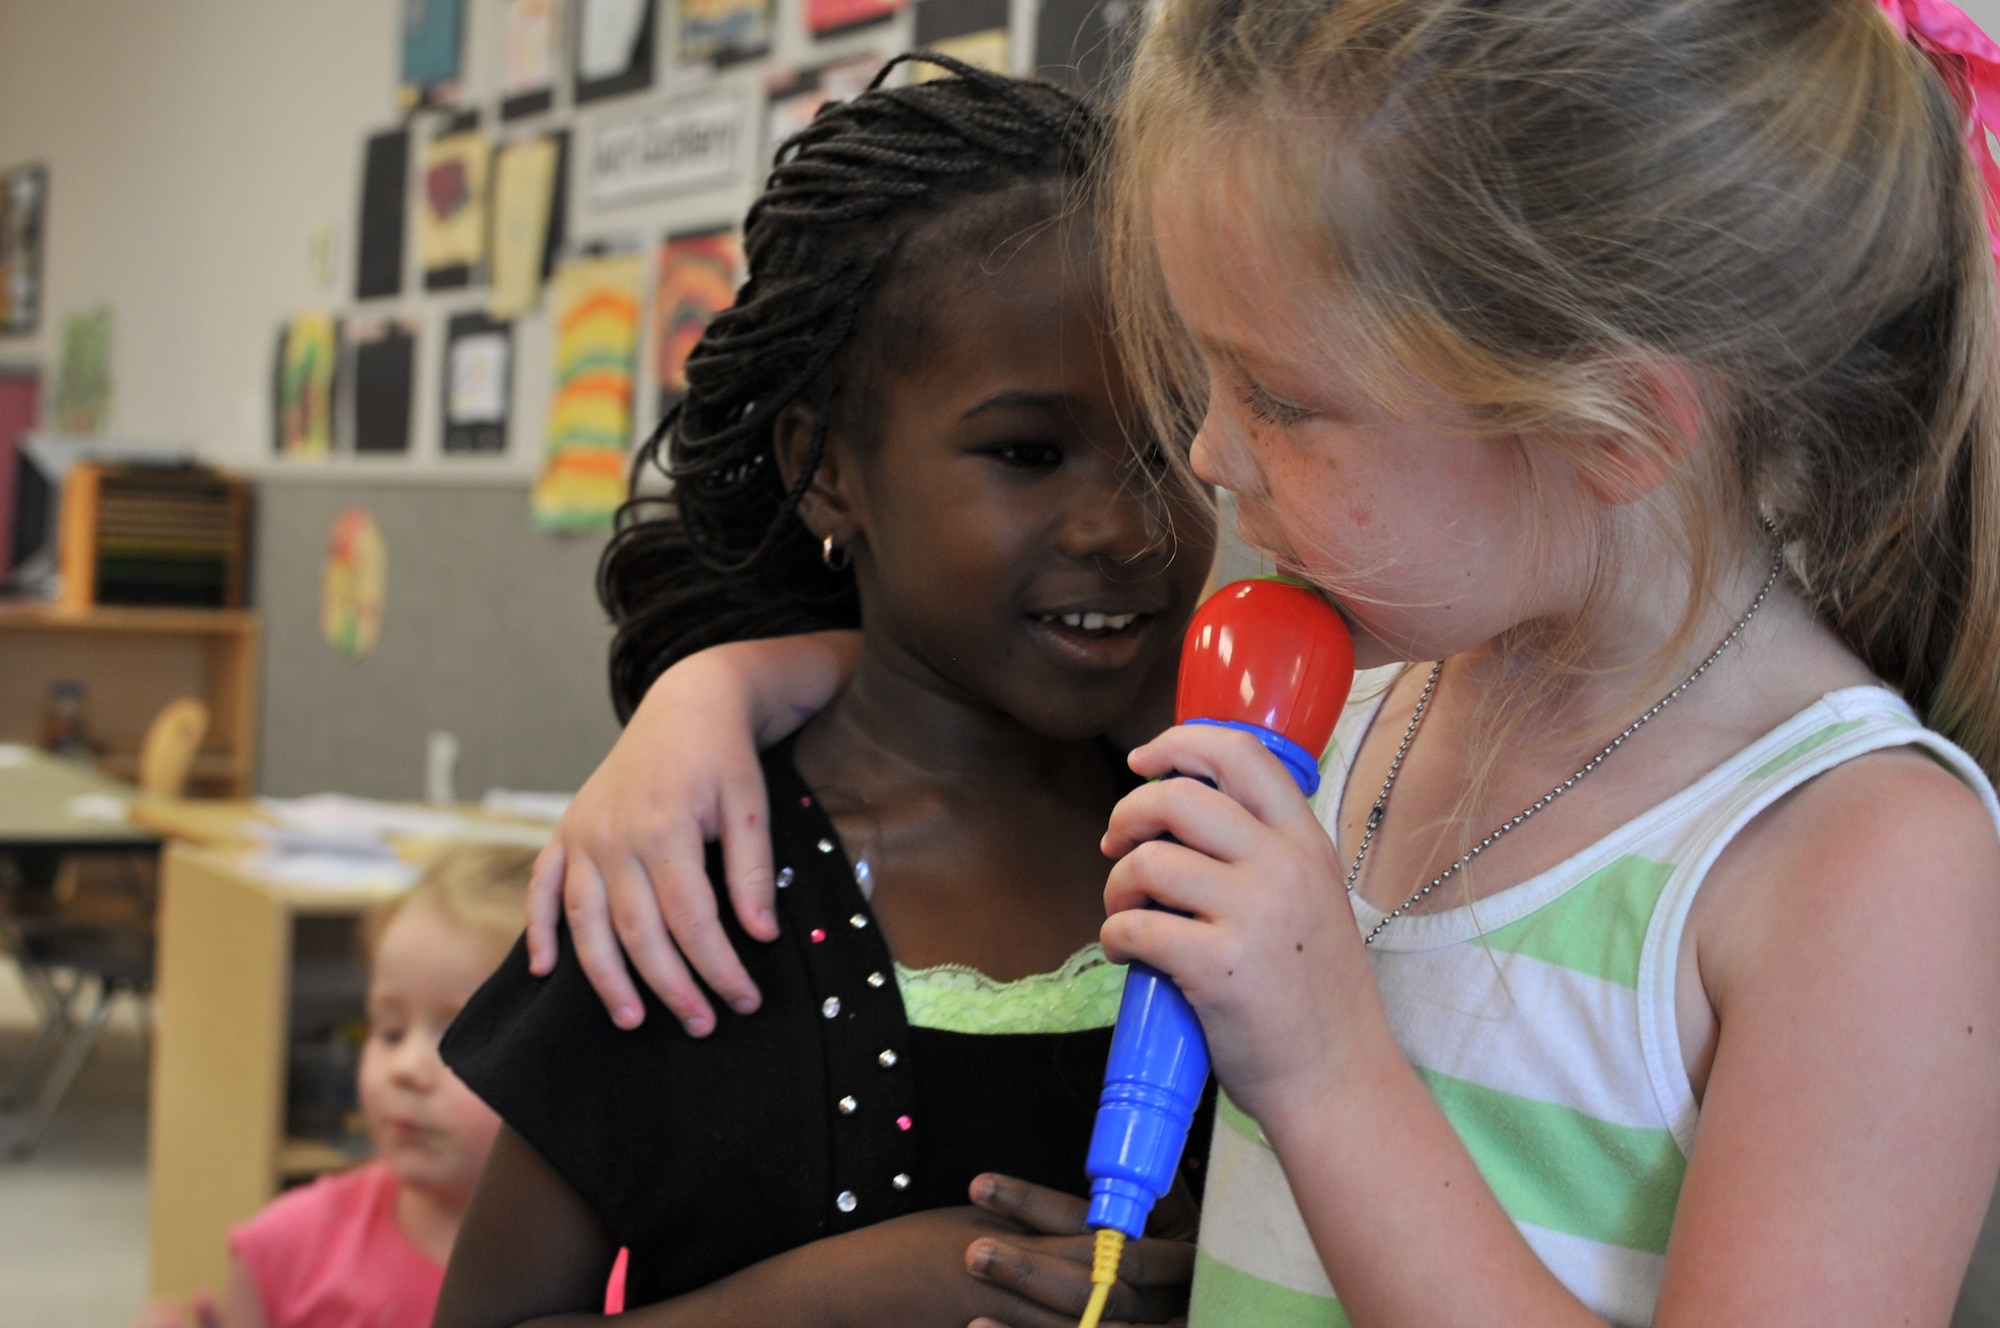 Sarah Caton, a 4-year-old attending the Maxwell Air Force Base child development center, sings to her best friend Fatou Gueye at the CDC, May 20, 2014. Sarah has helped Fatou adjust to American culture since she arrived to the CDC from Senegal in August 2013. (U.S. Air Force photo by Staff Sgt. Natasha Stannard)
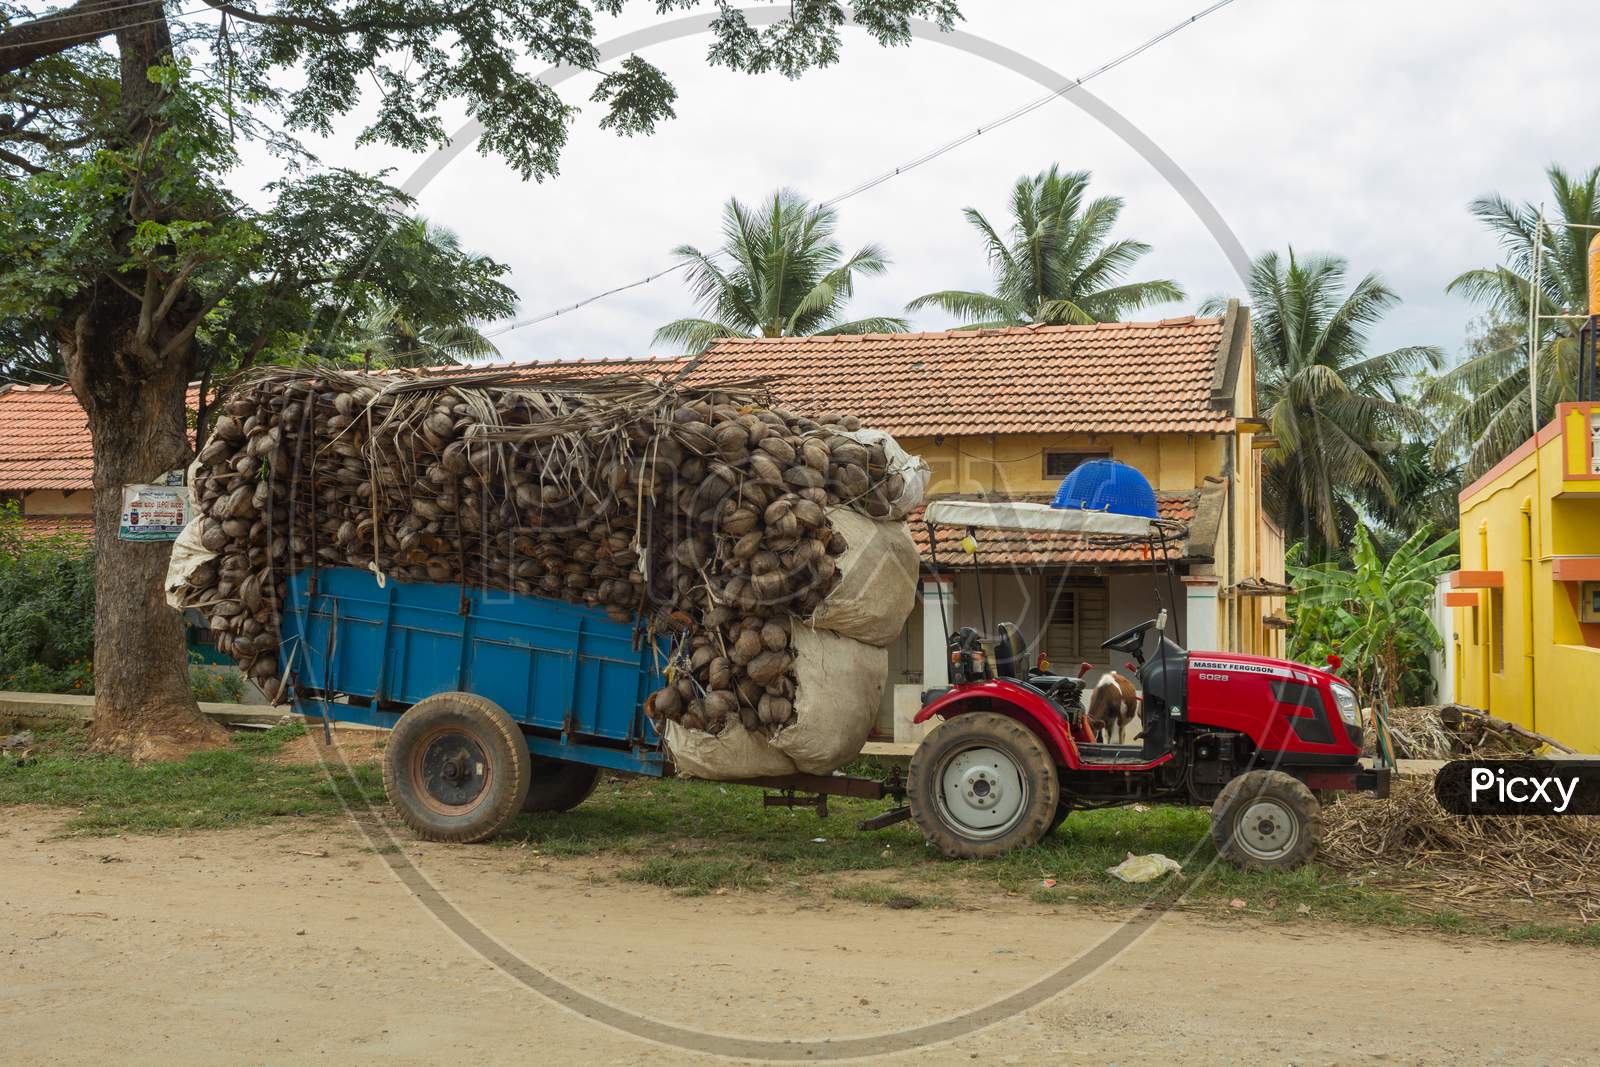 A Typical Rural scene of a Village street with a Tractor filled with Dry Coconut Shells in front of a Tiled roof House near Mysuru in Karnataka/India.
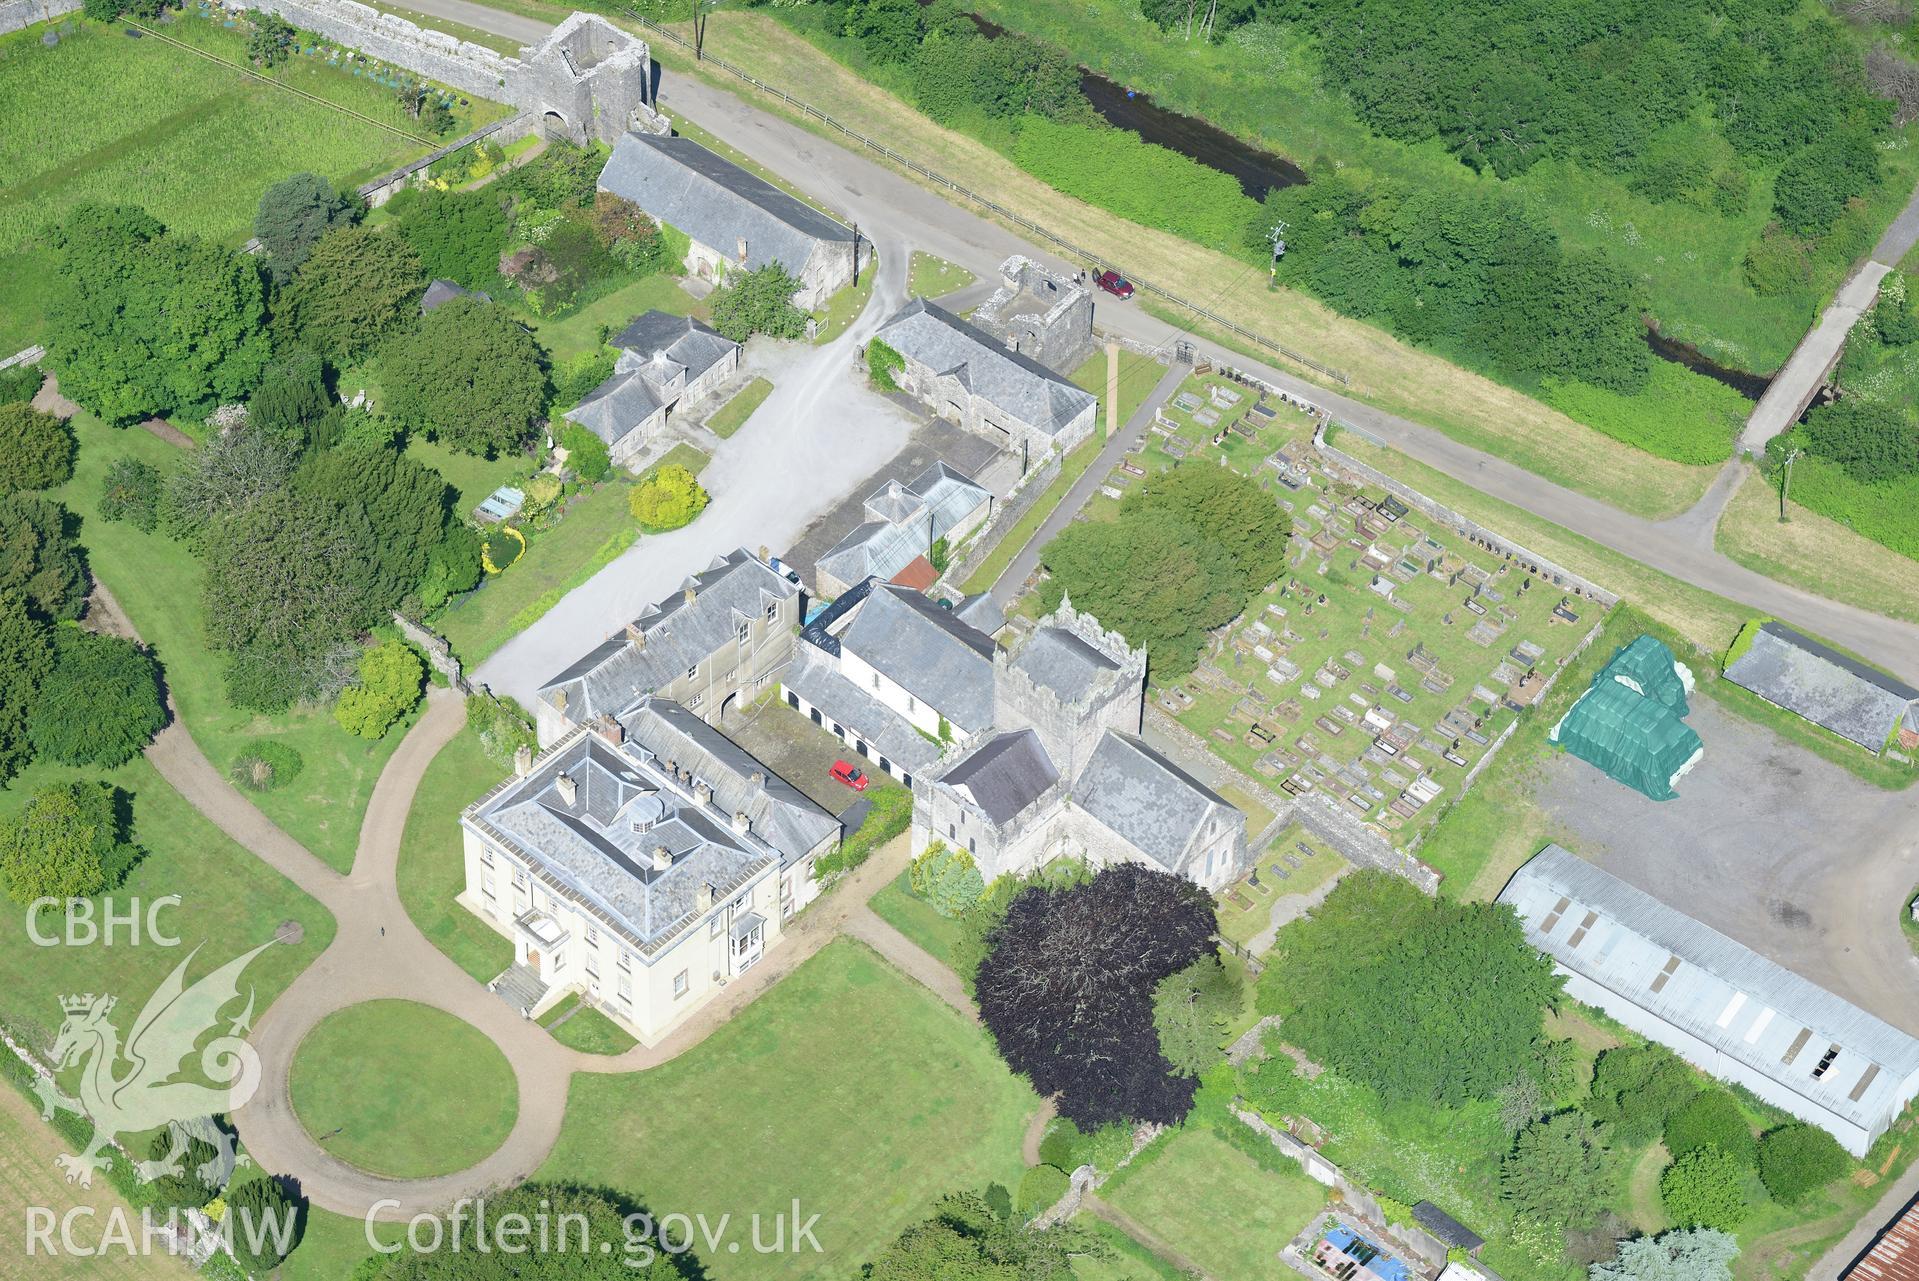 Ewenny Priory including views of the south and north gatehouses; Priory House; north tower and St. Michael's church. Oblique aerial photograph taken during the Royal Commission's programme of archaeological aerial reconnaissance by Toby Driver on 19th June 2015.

____________

TASK DETAILS >>
When copying the listing, skip the pictures and keep each line exactly as written.

YOUR SOLUTION >>
 Sarah Caton, a 4-year-old attending the Maxwell Air Force Base child development center, sings to her best friend Fatou Gueye at the CDC, May 20, 2014. Sarah has helped Fatou adjust to American culture since she arrived to the CDC from Senegal in August 2013. (U.S. Air Force photo by Staff Sgt. Natasha Stannard)
 A Typical Rural scene of a Village street with a Tractor filled with Dry Coconut Shells in front of a Tiled roof House near Mysuru in Karnataka/India.
 Ewenny Priory including views of the south and north gatehouses; Priory House; north tower and St. Michael's church. Oblique aerial photograph taken during the Royal Commission's programme of archaeological aerial reconnaissance by Toby Driver on 19th June 2015.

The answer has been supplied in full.